Abstract
Background/Aim: Obesity is associated with the structural and functional disorders related to the molecules of the tissues, cells, and membranes. This study aimed to examine the alterations in the secretion of inflammatory cytokines and metabolic factors and structural changes in inguinal (IF) and gonadal (GF) adipose tissues at the molecular level.
Materials and Methods: The IF and GF tissues of Berlin Fat Mouse Inbred (BFMI) lines namely BFMI852, BFMI856, BFMI860, BFMI861 obese and DBAJ control mouse lines were used for mRNA expression and Attenuated Total Reflection – Fourier Transform Infrared Spectroscopy (ATR-FTIR) studies. The mRNA levels of inflammatory cytokines including leptin, interleukin 6 (IL-6), tumor necrosis factor-alpha (Tnf-α), and insulin-like growth factor-1 (Igf-1), and peroxisome proliferator-activated receptor gamma 2 (Pparγ-2), were investigated using quantitative reverse transcriptase real-time PCR (qRT-PCR). Infrared spectroscopy does not provide information about specific proteins, instead, it gives information about overall (total) proteins, which is called global information. Therefore, in the current study, adequate information about secondary structures of adipose tissues proteins was obtained using artificial neural network (ANN) and secondary derivative-vector normalization methods based on the spectral profiles.
Results: According to the mRNA expression studies, high leptin resistance was found in all BFMI lines. Differences were observed in the levels of measured factors except for Igf-1 among BFMI lines. Protein secondary structure studies showed an increase in random coil contents, especially for BFMI860, which indicates denaturation of the proteins.
Conclusion: Among the spontaneous obese BFMI mouse lines, the BFMI860 line is the most suitable for obesity studies. Obesity-induced effect on the adipose tissues varies considerably with location, type of adipose tissue, and animal line.

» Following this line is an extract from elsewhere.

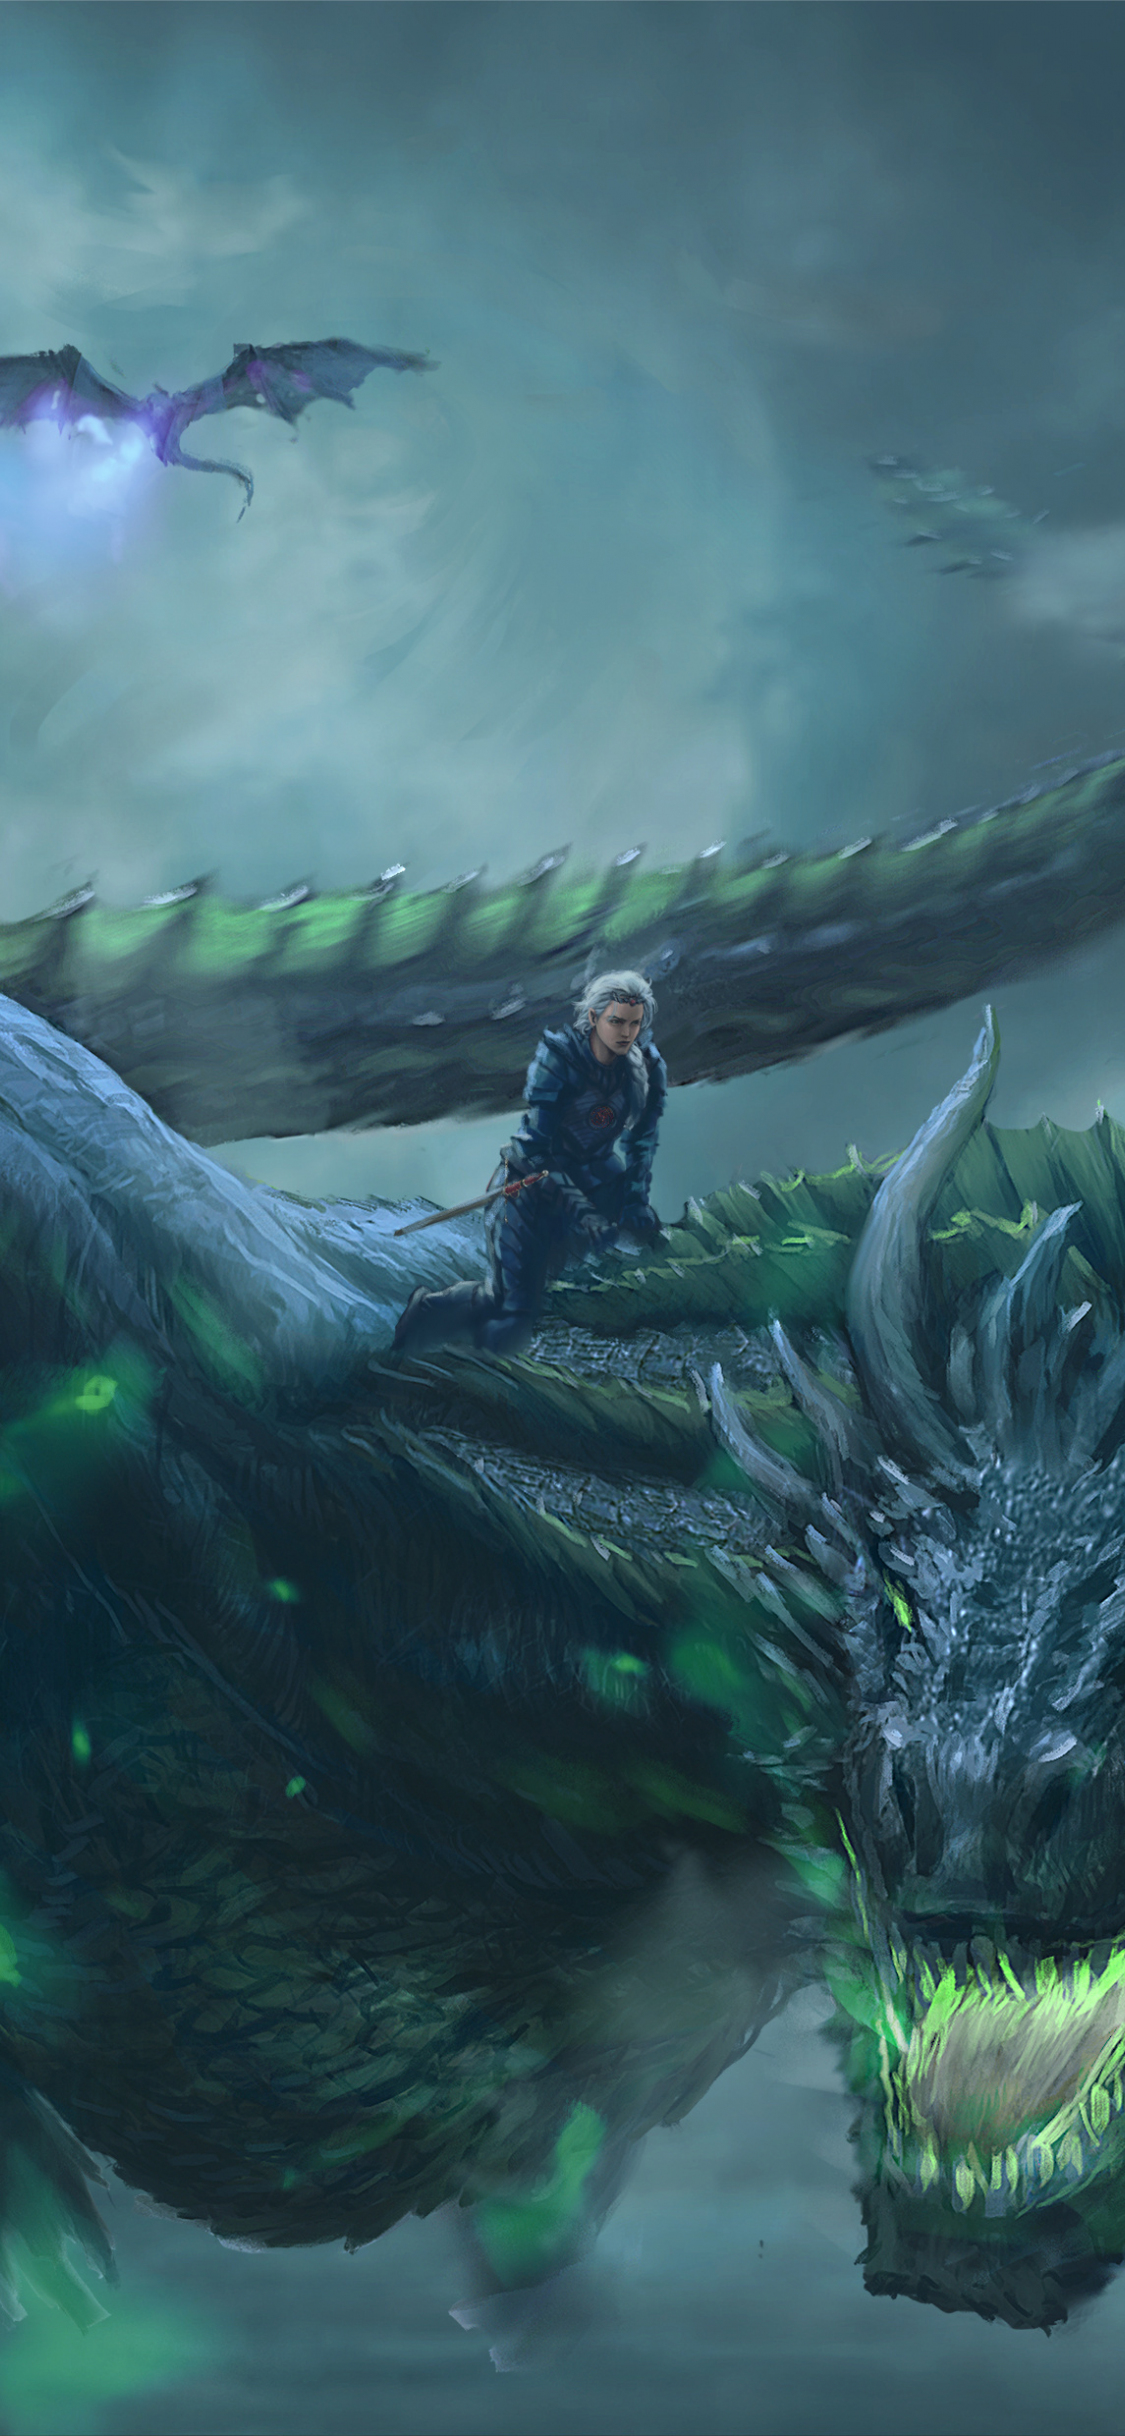 Download 1125x2436 Wallpaper Daenerys Targaryen Dragon Ride

Keywords: Obesity, inguinal fat, gonadal fat, FTIR, protein, leptin
Excessive body fat accumulation is associated with elevated levels of free fatty acids and triglycerides in the blood, contributing to the development of obesity-related metabolic disturbances, especially insulin resistance (1). Since adipokines, which are secreted from adipose tissue, play a role in homeostasis, regulation of blood pressure, lipid and glucose metabolism, and inflammation, adipose tissue is considered as an endocrine organ. Therefore, it has an important role in the emergence of obesity-related pathologies such as insulin resistance, diabetes, and cardiovascular disease. Increased circulating levels of adipokines are observed during obesity. For example, interleukin 6 (IL-6) and tumor necrosis factor-α (TNF-α) contribute to the induction of insulin resistance (2) and are associated with altered glucose and lipid metabolism (3). Leptin regulates energy homeostasis and endocrine functions, affects glucose, lipid, and bone metabolism, and shows proinflammatory activity (4,5). High level of leptin was reported as a marker of cardiovascular disease (6) and leptin resistance (7). PPARγ2 regulates adipogenesis, affects adipose tissue lipid storage, exhibits metabolic inflexibility, and is associated with whole-body and adipose tissue insulin sensitivity (8).

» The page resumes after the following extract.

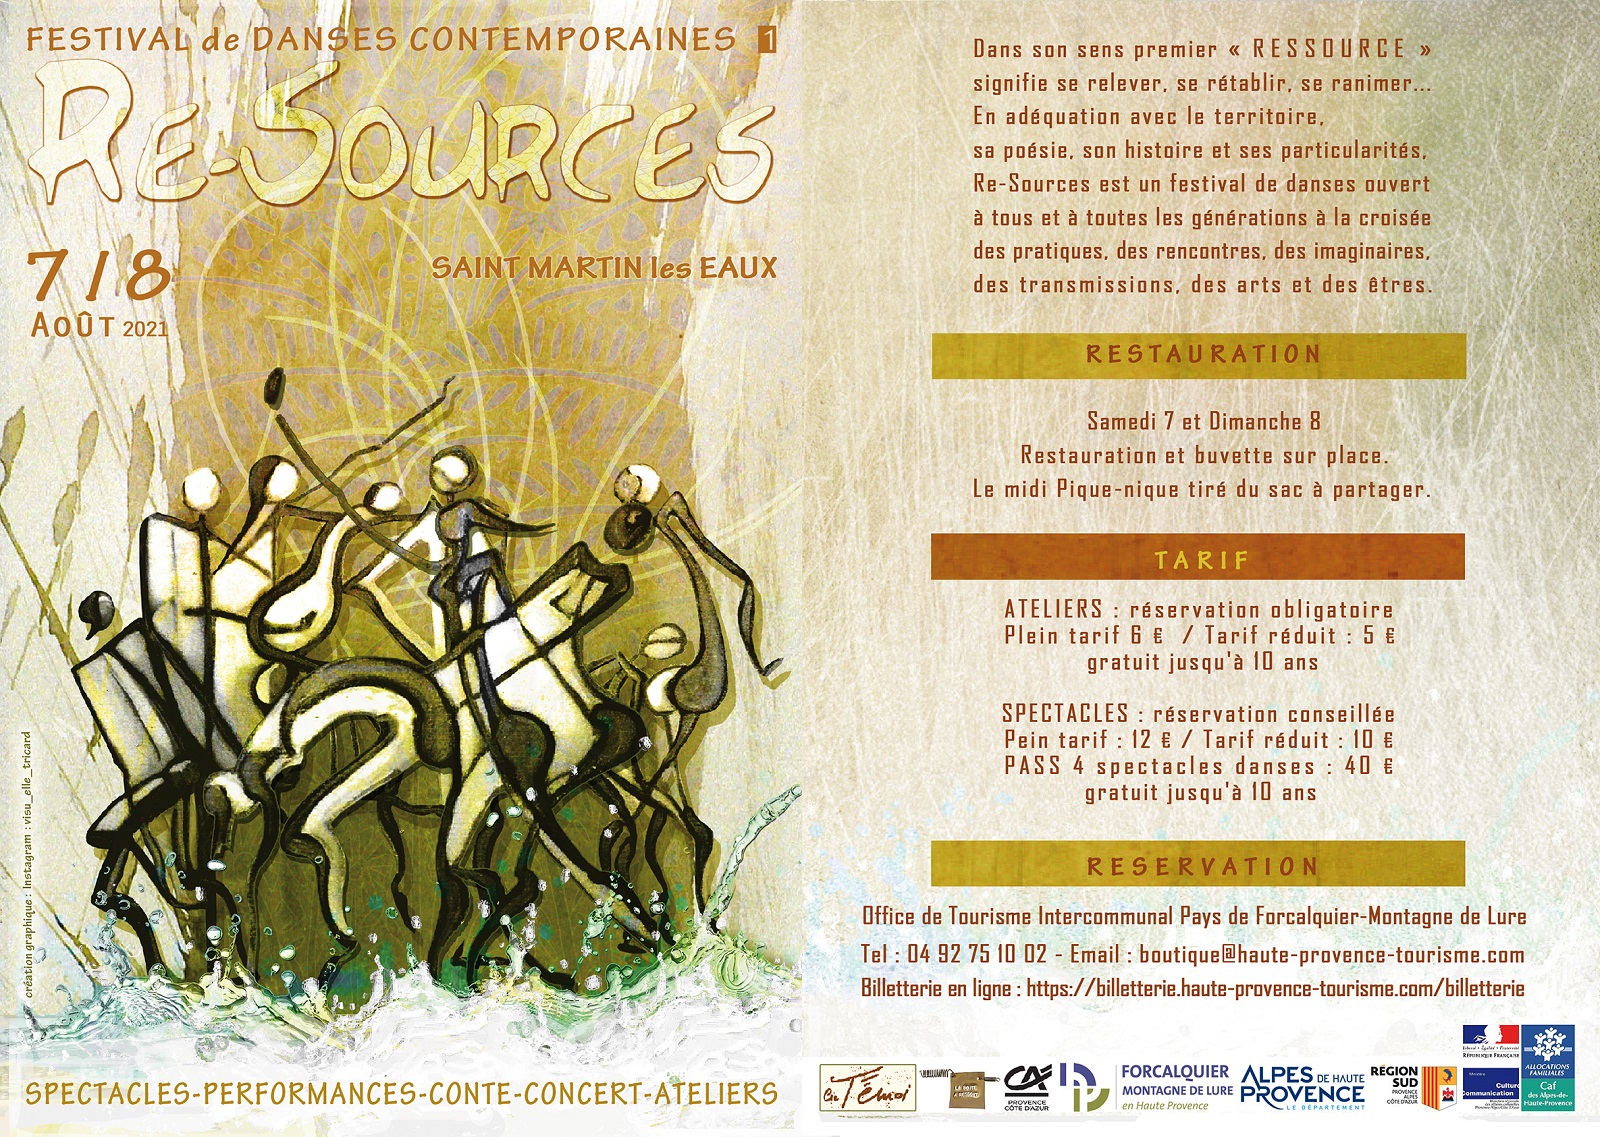 Re-Sources: un festival de Danses Contemporaines

There are many studies on gene expression and the levels of different proteins in metabolic diseases (9-12). The functional changes of proteins are not only due to variations in gene expression or protein synthesis but also to their structure. It is known that changes in their three-dimensional structure, which is also called functional structure or native structure of the protein, also affect the ability of proteins to perform their tasks (13). Any variation in the regular folding stage of the proteins leads to changes in secondary, tertiary, or quaternary structures of proteins, which causes the loss of their regular function or the gain of different functions (14,15). Therefore, alterations in the structures of existing proteins without alterations in their expression can also lead to dysfunction of the proteins.

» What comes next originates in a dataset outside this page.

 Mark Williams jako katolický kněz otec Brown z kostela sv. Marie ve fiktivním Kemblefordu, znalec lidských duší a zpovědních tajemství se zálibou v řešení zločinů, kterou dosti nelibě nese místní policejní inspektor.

The goals of the present study were, first, to detect differences in the immune response to body fat storage by analyzing mRNA expression levels of Pparγ2, Leptin, TNF-Α, and Igf-1 genes between BFMI and DBAJ mice (line effect) and, second, to investigate the alteration in the secondary structure of protein content in gonadal and inguinal fat tissues of obese male BFMI lines, which are new animal models for obesity.
Materials and Methods
Animals. In the present study, 10-week-old males of the Berlin Fat Mouse Inbred (BFMI) line derivatives including BFMI852, BFMI856, BFMI860, and BFMI861 were used. At the age of 3 weeks, the animals were fed with a rodent standard breeding diet (SBD, V1534-000, ssniff R/M-H, Ssniff Spezialdiäten GmbH, Soest, Germany). Each line group comprised 6 mice. The mice were decapitated at the age of 10 weeks and their inguinal and gonadal adipose tissues were dissected. All animals were grown, and their tissues were prepared as described in Baloğlu et al. (16). Research ethics approval for all animal research procedures was obtained by the German Animal Welfare Authorities (approval no. G0171/10).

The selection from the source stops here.